Cindy Y Chang et al. Emerg Med J. 2016 Nov.

Abstract

Objective: To estimate the global and national burden of emergency conditions, and compare them to emergency care usage rates.

Methods: We coded all 291 Global Burden of Disease 2010 conditions into three categories to estimate emergency burden: conditions that, if not addressed within hours to days of onset, commonly lead to serious disability or death; conditions with common acute decompensations that lead to serious disability or death; and non-emergencies. Emergency care usage rates were obtained from a systematic literature review on emergency care facilities in low-income and middle-income countries (LMICs), supplemented by national health system reports.
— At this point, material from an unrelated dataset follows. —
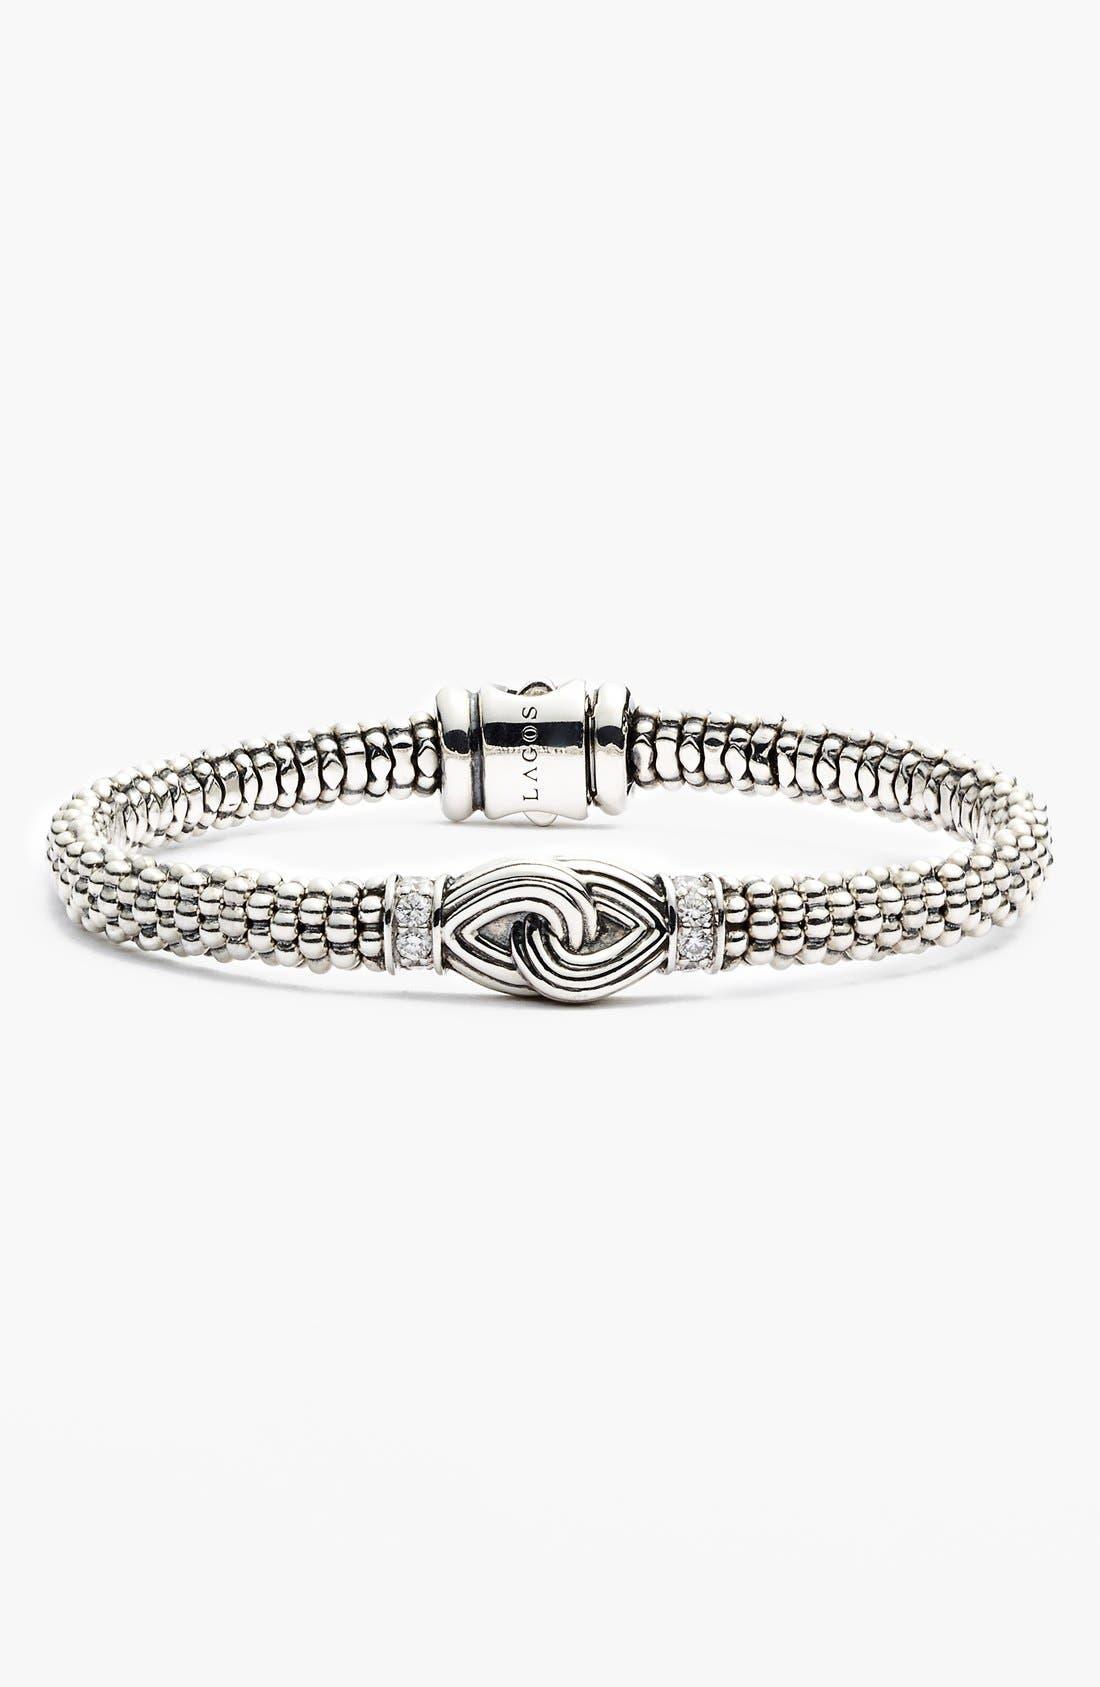 Alternate Image 1 Selected - LAGOS 'Silver Knot' Diamond & Caviar Station Bracelet (Nordstrom Online Exclusive)

Findings: All 15 leading causes of death and disability-adjusted life years (DALYs) globally were conditions with potential emergent manifestations. We identified 41 facility-based reports in 23 countries, 12 of which were in LMICs; data for 17 additional countries were obtained from national or regional reports on emergency usage. Burden of emergency conditions was the highest in low-income countries, with median DALYs of 47 728 per 100 000 population (IQR 45 253-50 085) in low-income, 25 186 (IQR 21 982-40 480) in middle-income and 15 691 (IQR 14 649-16 382) in high-income countries. Patterns were similar using deaths to measure burden and excluding acute decompensations from the definition of emergency conditions. Conversely, emergency usage rates were the lowest in low-income countries, with median 8 visits per 1000 population (IQR 6-10), 78 (IQR 25-197) in middle-income and 264 (IQR 177-341) in high-income countries.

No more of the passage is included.